Much of her shopping is done within walking distance of her house, or deliveries arrive to her door when she is very busy. Morning Fresh, from under the arches in Clapham bring fruit and vegetables, fish is sourced from H. Formans, Marky Market goes to Smithfields and Billingsgate at 3 a.m. and leaves an ice-box delivery of meat and fish on her doorstep, and she enthuses about Elizabeth King, the delicatessen, food shop, butchery and florist in Parsons Green, where we go later to pick up some supplies.
In October 2009 Alice went to New York to visit a friend, and she stayed for 6 months to do a cookery course at the National Gourmet Institute for Health and Culinary Arts. There she learned all about holistic nutrition, vegetarian and vegan cookery and how to create dishes for diners with food intolerances. She loved this experience so much, it formed a seminal work template for all her cooking thereafter and it imparted a deep respect and understanding of the importance of sourcing local, seasonal, fresh food and cooking it very simply with an honest and generous heart.
She tells me how much she loves the whole supper club and pop-up restaurant scene that has developed and grown all over the country in the last few years. She went to a pop-up night at “The Shed” in Stoke Newington, run by Nicola Swift, and from that evening she decided that she wanted to do her own unique events, incorporating the training she had in New York.
By nature she is a very nurturing and gregarious person, with a very wide circle of friends. “I find that friends come over to my pop-up nights, as it really is the only way I get to see them,” she explains. “I work such long hours in my catering business, my boyfriend lives in Portugal and I go and see my parents as often as I can, so my life can be quite hectic”.
The roll call of her many commitments sounds quite overwhelming: she freelances for a catering company called Sugar and Spice in Battersea, as well as another event-caterer, Ginger Jar, as well as running her own business and working for various chef agencies dotted around London.
Aged just 29 she has built up a portfolio of loyal, happy customers who keep asking her back, to organise parties, celebrations, hen nights, weddings and corporate events. I watch her move around her kitchen with the speed of summer lightening: feeding me, sorting the ingredients for tomorrow night, printing out Menus and laying out the table in the dining room.
I read the list of previous Love a Locavore events that she has held here: “A simple Indian supper”, “A French inspired supper”, “The Summer Sessions” and “A Taste of Portugal”. Some of the events have live music and include tapas, harvest festivals, Chinese New Year celebrations and detoxing.

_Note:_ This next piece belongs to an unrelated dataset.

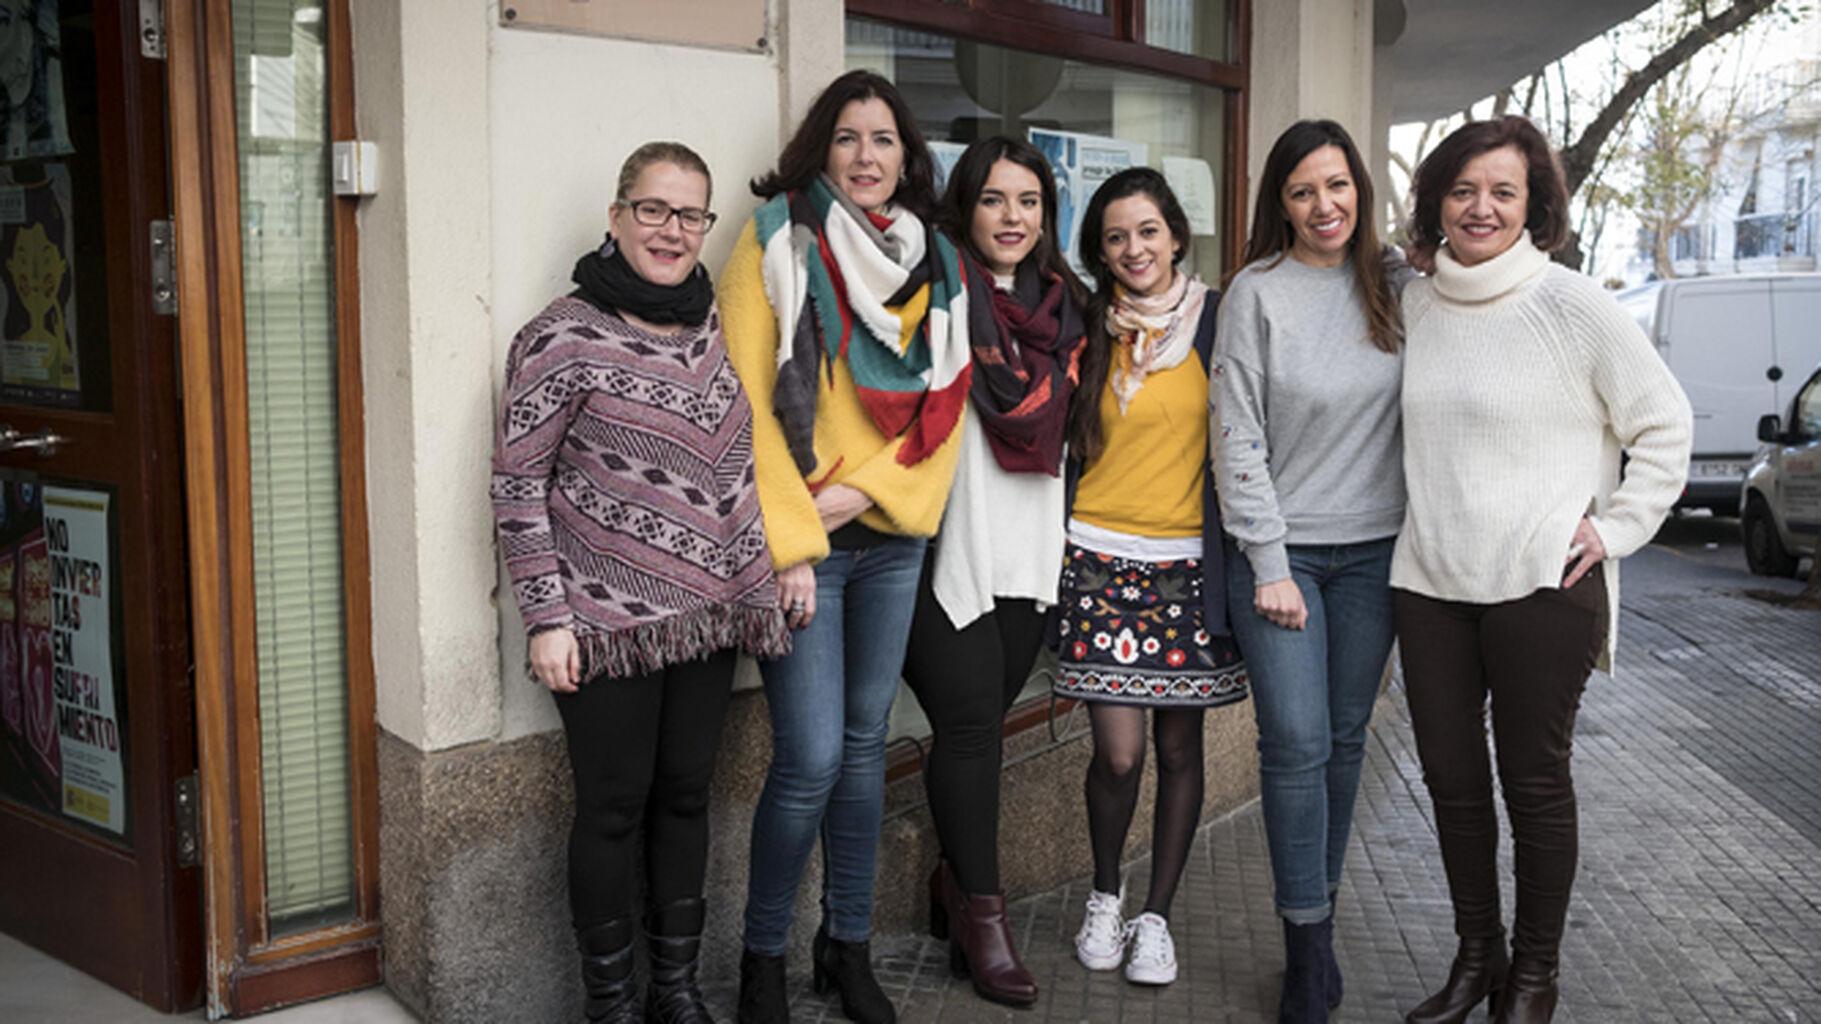 Contactos mujeres cadiz capital [PUNIQRANDLINE-(au-dating-names.txt) 47

Her cookbook shelf is quite eclectic, but she says her mainstays for reference and learning are the Leith’s cookery bibles and Harold McGee.
We pay a visit to the Elizabeth King shop in Parsons Green and my heart drops. I so wish I had such a beautiful, well-stocked shop in my neck of the woods. Alice worked here briefly, so she knows all the staff very well, and she is updating the owner on the Menus that she will be cooking, checking to ensure that all of her shopping list is sorted.
The diners at her “Ode to Asparagus” night are in for a treat: starting with a Capricorn goat’s cheese and asparagus tartlets, moving on to asparagus mousse with squid ink bread, followed by an asparagus, watercress, rocket and spinach salad with pancetta and hollandaise sauce, then free range chicken thighs stuffed with asparagus spears and Parma ham with a lemon jus, and for pudding the Rhubarb jellies.
This supper club encapsulates a taste of the country in the middle of terraced, leafy suburban London. The ideas, energy and drive behind the events are truly inspiring, they speak to the zeitgeist and all our hearts and beliefs. It’s common sense, committed cooking, and Alice Bamford has common sense and commitment ingrained in her farming family background by the spade.